The Dinner Game

The play on which the film is based premiered on 18 September 1993 at the Théâtre des Variétés, Paris, with a cast including Jacques Villeret as François Pignon, Claude Brasseur as Pierre Brochant, Michel Robbe as Juste Leblanc and Gérard Hernandez as Lucien Cheval, and directed by Pierre Mondy; it was revived the following season before touring to Bayonne, Liege and Marseille.

As the plans of the hitman in Veber's earlier L'Emmerdeur were continually thrown off course by a well-meaning idiot, in Le Dîner de cons, the same relationship occurs, with “Thierry Lhermitte's supercilious publisher having his well-ordered life dismantled by the disastrously eager-to-please Jacques Villeret”.

[7] Le Dîner de cons ran for over 900 performances on the Parisian stage before being made into a film, so "not surprisingly the pacing and mechanics of the comedy run with dovetailed precision".

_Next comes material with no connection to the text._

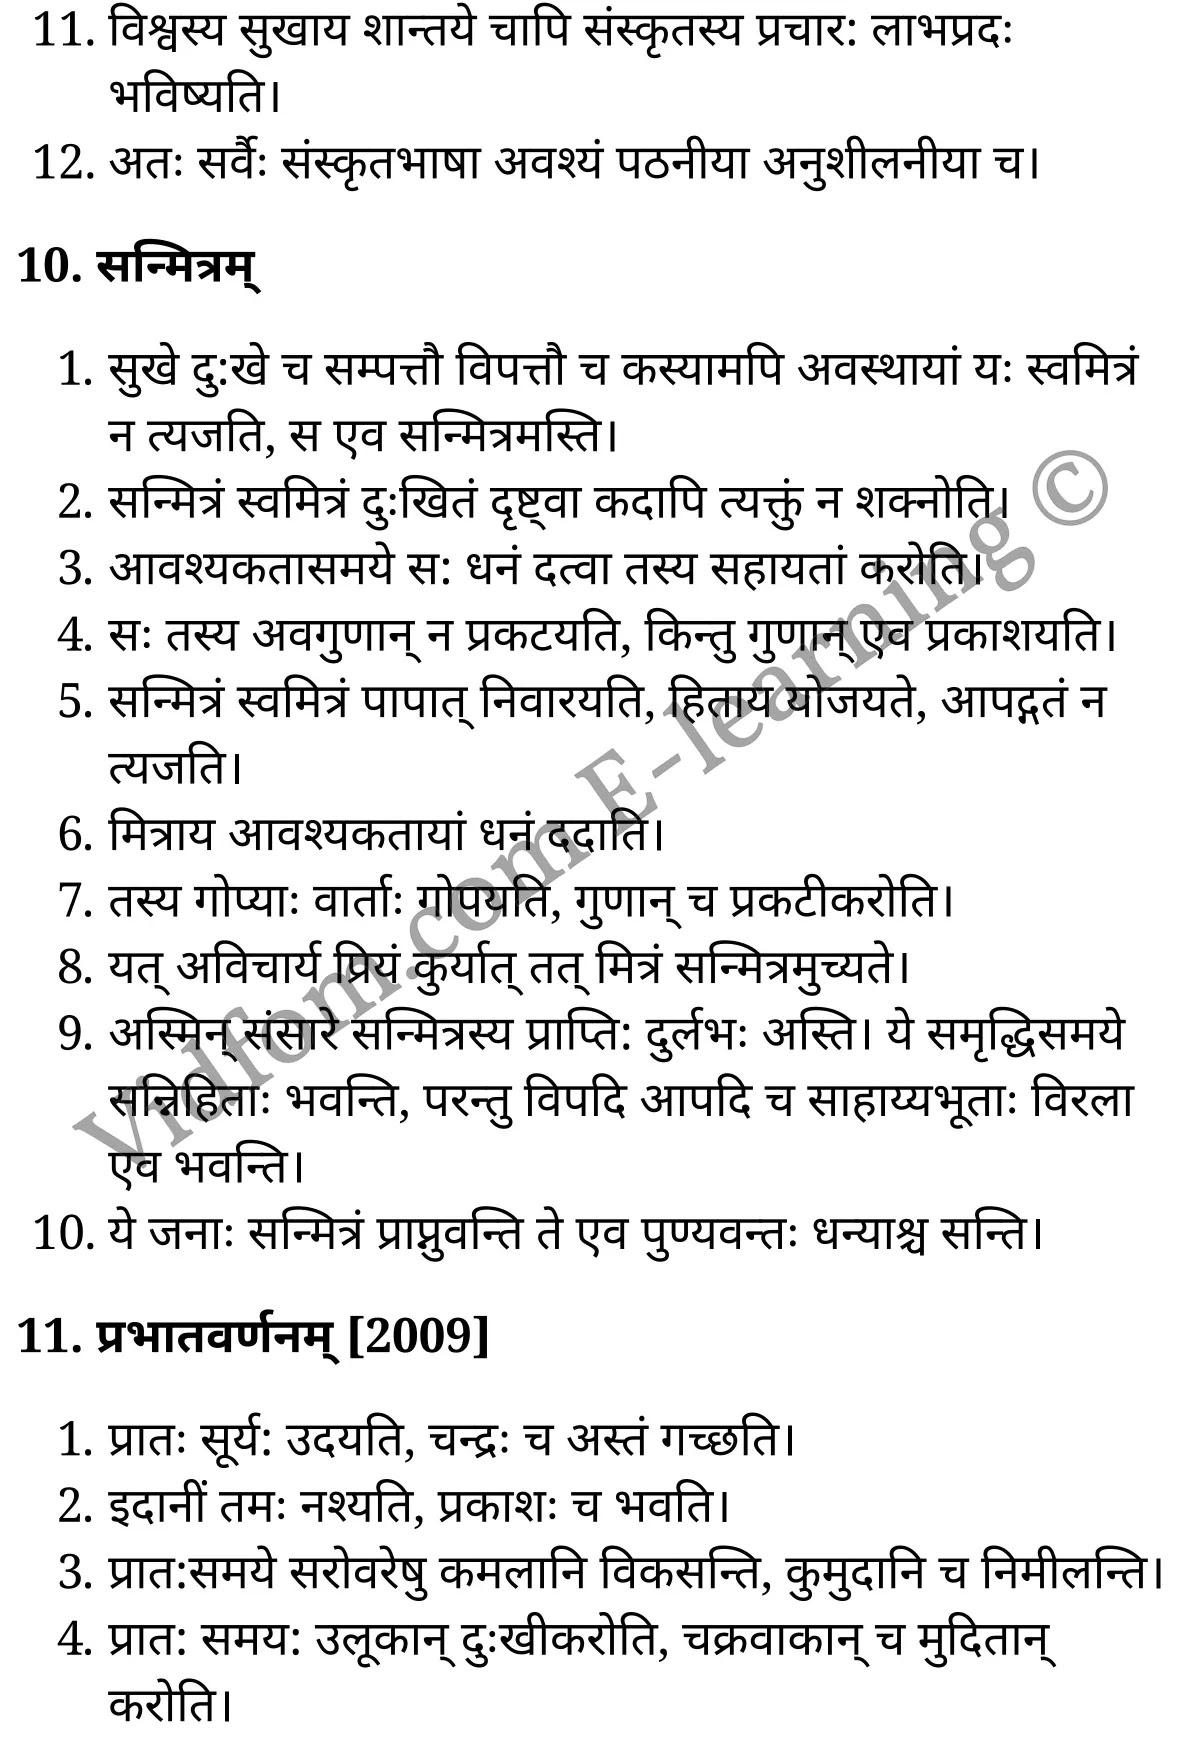 कक्षा 10 संस्कृत  के नोट्स  हिंदी में एनसीईआरटी समाधान,     class 10 sanskrit nibandh,   class 10 sanskrit nibandh ncert solutions in Hindi,   class 10 sanskrit nibandh notes in hindi,   class 10 sanskrit nibandh question answer,   class 10 sanskrit nibandh notes,   class 10 sanskrit nibandh class 10 sanskrit nibandh in  hindi,    class 10 sanskrit nibandh important questions in  hindi,   class 10 sanskrit nibandh notes in hindi,    class 10 sanskrit nibandh test,   class 10 sanskrit nibandh pdf,   class 10 sanskrit nibandh notes pdf,   class 10 sanskrit nibandh exercise solutions,   class 10 sanskrit nibandh notes study rankers,   class 10 sanskrit nibandh notes,    class 10 sanskrit nibandh  class 10  notes pdf,   class 10 sanskrit nibandh class 10  notes  ncert,   class 10 sanskrit nibandh class 10 pdf,   class 10 sanskrit nibandh  book,   class 10 sanskrit nibandh quiz class 10  ,   कक्षा 10 निबन्ध,  कक्षा 10 निबन्ध  के नोट्स हिंदी में,  कक्षा 10 निबन्ध प्रश्न उत्तर,  कक्षा 10 निबन्ध के नोट्स,  10 कक्षा निबन्ध  हिंदी में, कक्षा 10 निबन्ध  हिंदी में,  कक्षा 10 निबन्ध  महत्वपूर्ण प्रश्न हिंदी में, कक्षा 10 संस्कृत के नोट्स  हिंदी में, निबन्ध हिंदी में कक्षा 10 नोट्स pdf,    निबन्ध हिंदी में  कक्षा 10 नोट्स 2021 ncert,   निबन्ध हिंदी  कक्षा 10 pdf,   निबन्ध हिंदी में  पुस्तक,   निबन्ध हिंदी में की बुक,   निबन्ध हिंदी में  प्रश्नोत्तरी class 10 ,  10   वीं निबन्ध  पुस्तक up board,   बिहार बोर्ड 10  पुस्तक वीं निबन्ध नोट्स,    निबन्ध  कक्षा 10 नोट्स 2021 ncert,   निबन्ध  कक्षा 10 pdf,   निबन्ध  पुस्तक,   निबन्ध की बुक,   निबन्ध प्रश्नोत्तरी class 10,   10  th class 10 sanskrit nibandh  book up board,   up board 10  th class 10 sanskrit nibandh notes,  class 10 sanskrit,   class 10 sanskrit ncert solutions in Hindi,   class 10 sanskrit notes in hindi,   class 10 sanskrit question answer,   class 10 sanskrit notes,  class 10 sanskrit class 10 sanskrit nibandh in  hindi,    class 10 sanskrit important questions in  hindi,   class 10 sanskrit notes in hindi,    class 10 
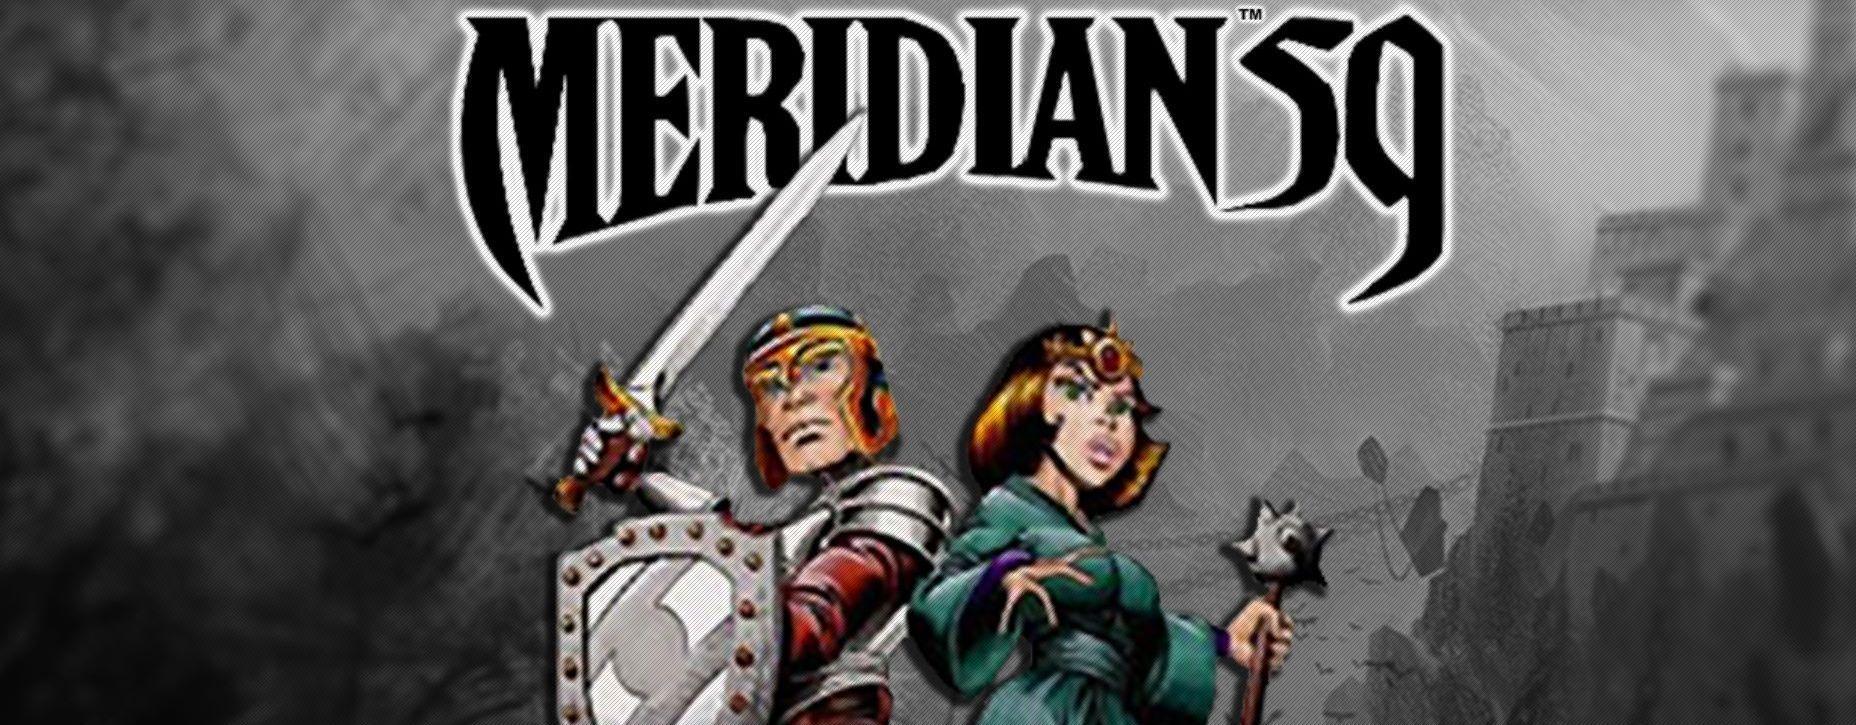 Meridian 59: Vorreiter von WoW erscheint nach 22 Jahren auf Steam

[10] Kemp noted that “in this kind of comic pairing [it] isn't the gravitation of the idiot to the straight guy, which is understandable enough, but the reverse: the fatal delusion on the part of a logical individual, operating on cool self-interest, that even the most unpromising human material can, with a little coaching, be co-opted into the same well-ordered system”.

[7] For Kemp the film was stolen by Villeret as Pignon “his balding, spherical head, bug eyes and pudgy little mouth” appearing as “a cross between a giant baby and a less aggressive Zero Mostel.

His comic persona also shares something of a baby's abrupt, discontinuous mood swings, and in the film's funniest moments the camera focuses delightedly on his mobile moon-face as it slumps from inane self-satisfaction to lip-quivering dismay”.